Moral Development. Yes we have Kohlberg’s research and we will use it, remind ourselves to avoid tribal and organizational moral reasoning and work to achieve universal moral reasoning and principles.
But what tools do we have. Teleological reasoning and our morally grounded purposes prevail. Metaphysical reasoning has a place and the skill of working with syllogisms. And of course, we have seen that the Golden Mean can be a powerful tool. I did not talk about Kant’s Moral Imperative in this book, but it will certainly become useful. But those are the tools. What are the issues.
Economic Justice is its own topic as is Women’s Reproductive Rights. What else? Clearly, we must address moral arguments regarding global climate change and the moral responsibility we all have to fix it. There will be no coping with global climate change except as an exercise in self-deception and indifference which will lead to global disaster. What are the moral issues? What are the moral arguments? We must provide leadership in addressing these questions.
Artificial Intelligence (AI) actually presents two very different moral issues. The most obvious deals with AI in the workplace and its impact on jobs, employment, and the quality of life for a huge percentage of our population. That topic rightly belongs with Economic Justice as long as we all acknowledge that Economics is a social science and as such it cannot reach full development without both full cognitive development and full moral development. We can discuss the strictly moral issues regarding AI and morality, but we must apply what we develop in Economic activity in cooperation with economists and both capitalist and socialist enterprises.
The other critical moral issue presented by AI has to do with the science of AI, the scientific pursuit of superintelligence. A superintelligence is a hypothetical agent that possesses intelligence that far surpasses that of the brightest and most gifted human minds. AI researchers in both China and the United States vie for leadership in this work. It is a kind of arms race. Our concern is that we know that full intellectual development consists of both cognitive development and moral development. And we know that scientists do not have the intellectual tools needed to define or pursue moral development. The obvious threat is that these scientists will develop superintelligent agents that have no conscience, no ability to tell right from wrong. There is no sense wringing our hands about scientists. Many AI scientists worry about the moral development of superintelligent agents. The problem is that there is no work being done in moral philosophy that can help the scientists. That is where we come in. We will lead the way for the full moral development of AI.

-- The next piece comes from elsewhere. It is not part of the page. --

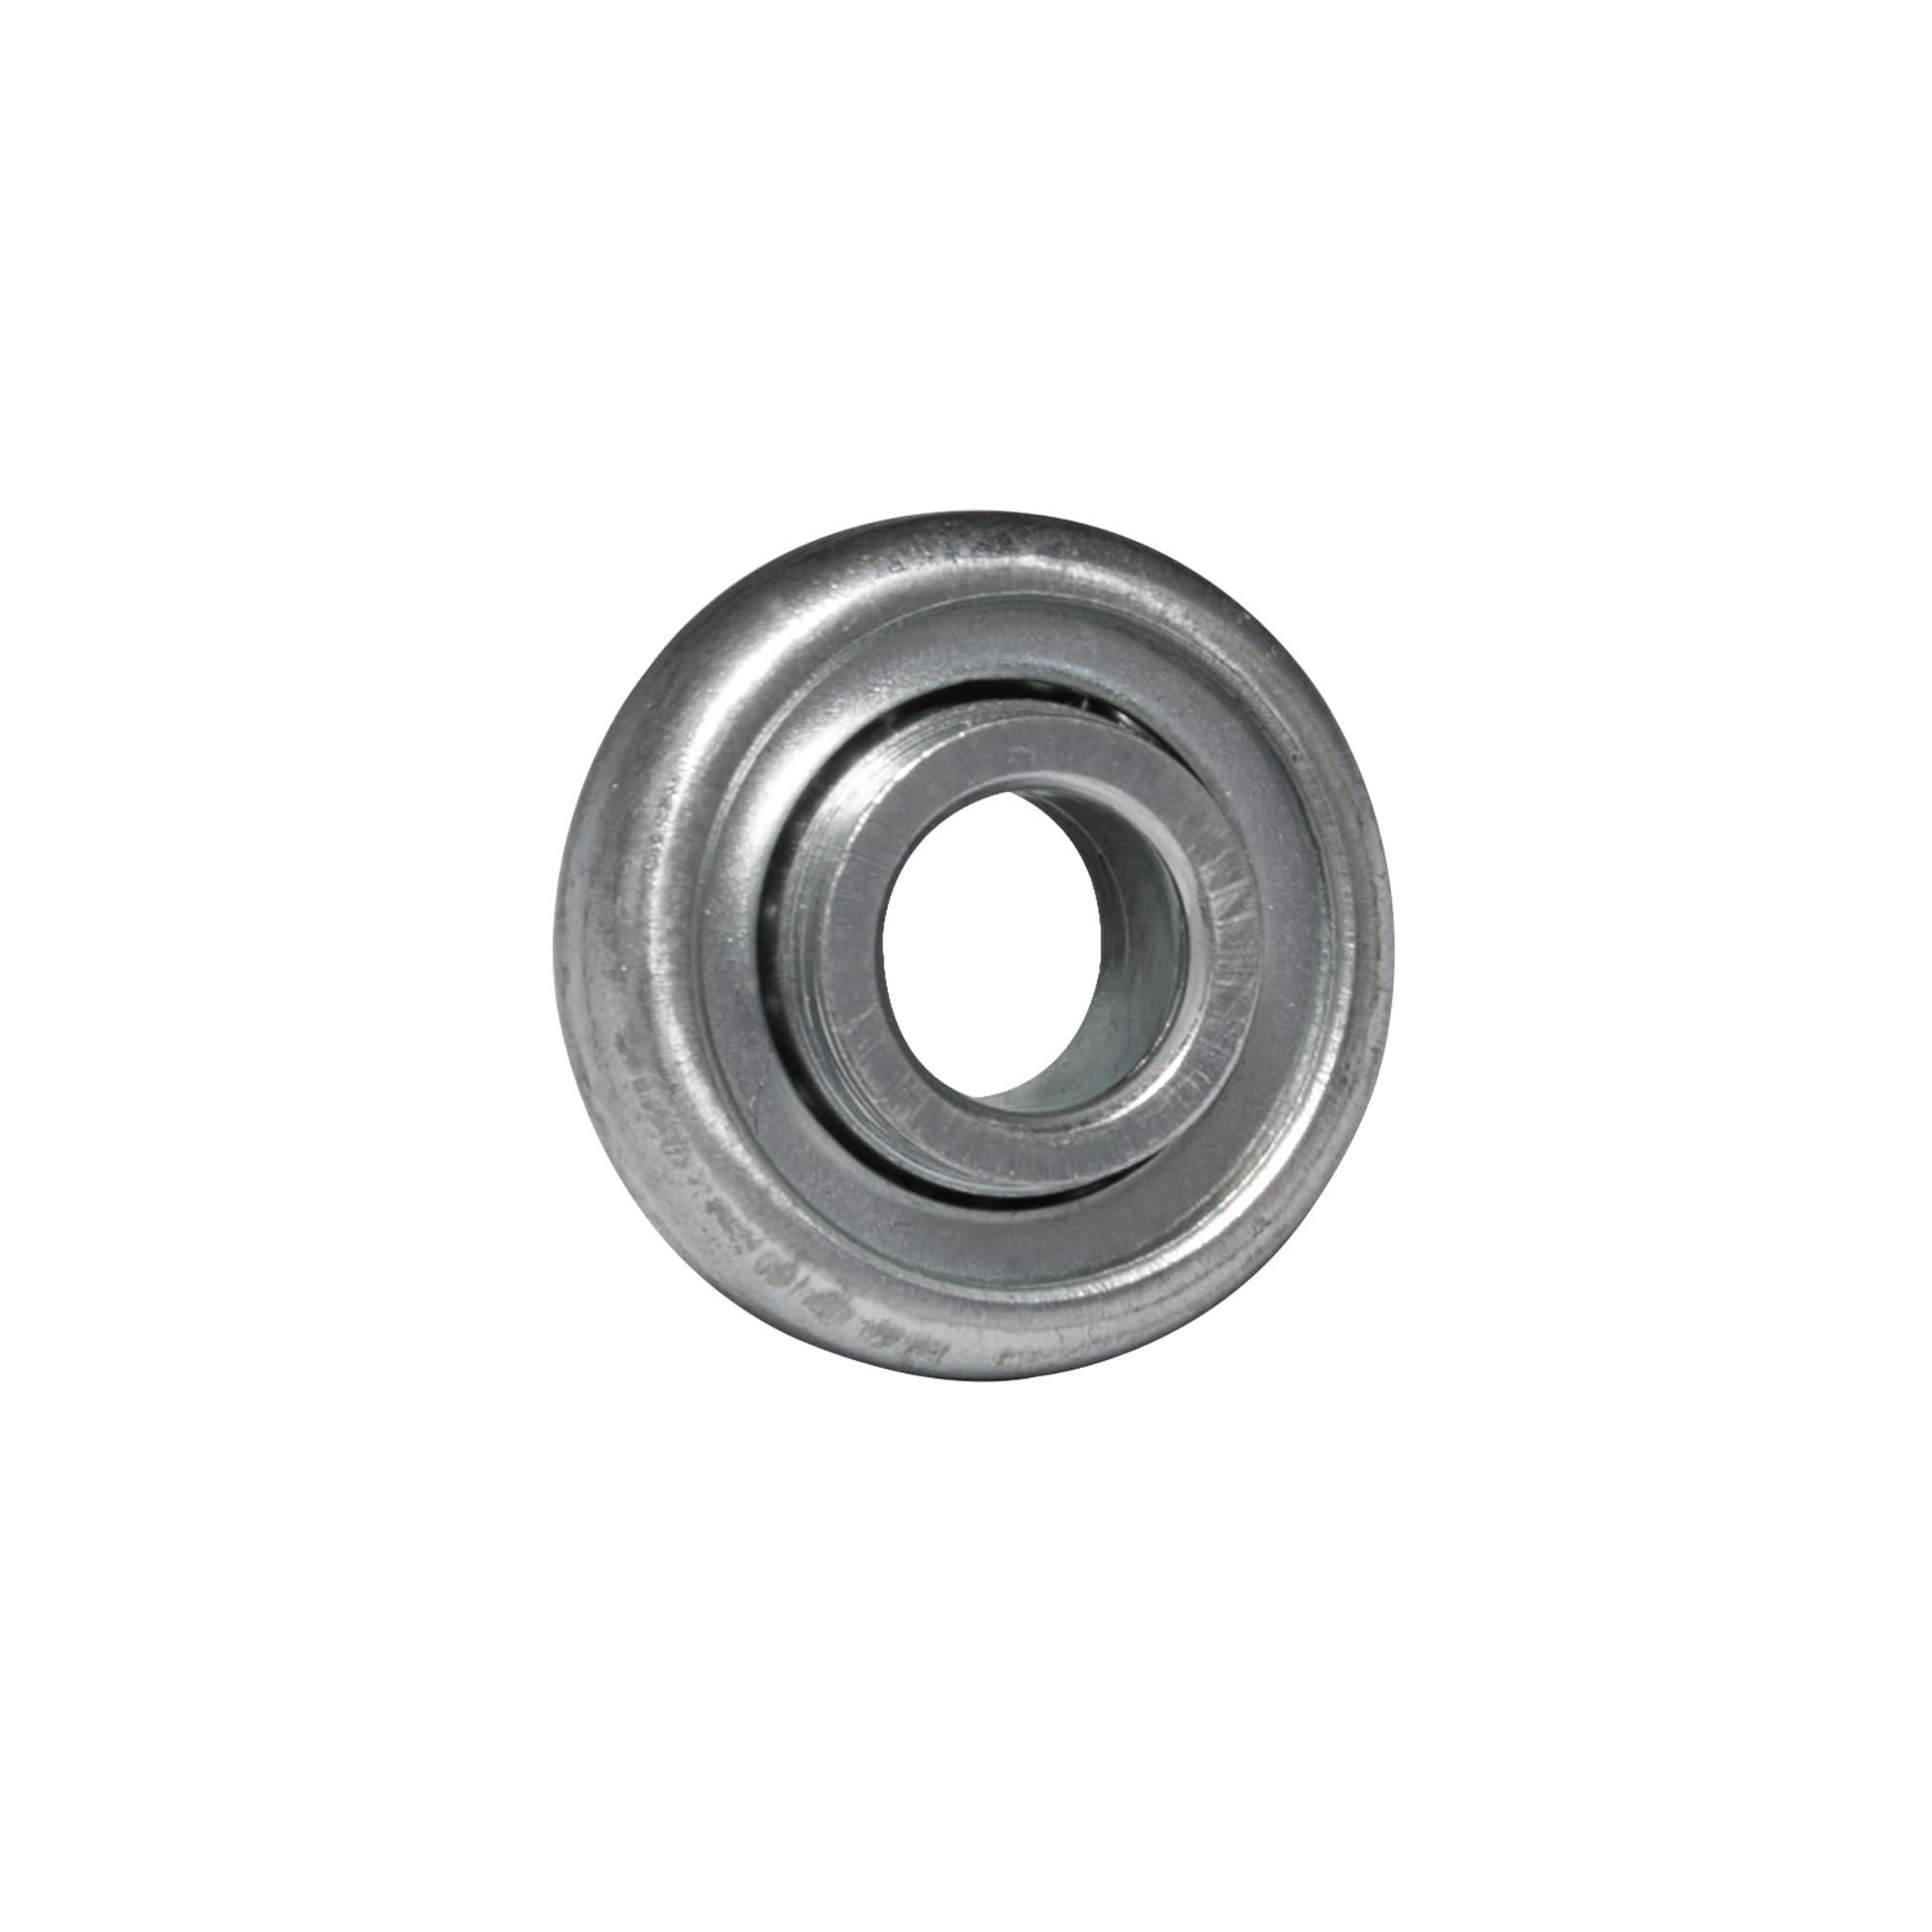 jarolift mini kugellager 28mm mit bund 10mm innendurchmesser qualit ts kugellager f. Black Bedroom Furniture Sets. Home Design Ideas

And of course, there is another issue we referred to throughout Let’s Get Civil: Law. All laws are moral laws. More specifically, all laws have a moral dimension tho them. Some laws are morally mature, others are morally immature, incompetent. We will talk about law and morality and we will bring new tools to the discussion. First, we will not abandon this conversation and responsibility to philosophers of law. We will do mature public moral philosophy to lay the moral groundwork for laws. And we will pay attention to legal principles and history. And we will use social science to inform our laws, and possibly even more important, we will use social science to test the hypotheses of our laws: what we believe our laws will do for society. And once the laws are implemented, we will use social science to track their impact, describe and evaluate it. By integrating mature public moral philosophy, law, and social science; we make all three better.
The more fully developed our public moral philosophy becomes, the more we will contribute to solving moral challenges in the public square. It will be important, exciting work.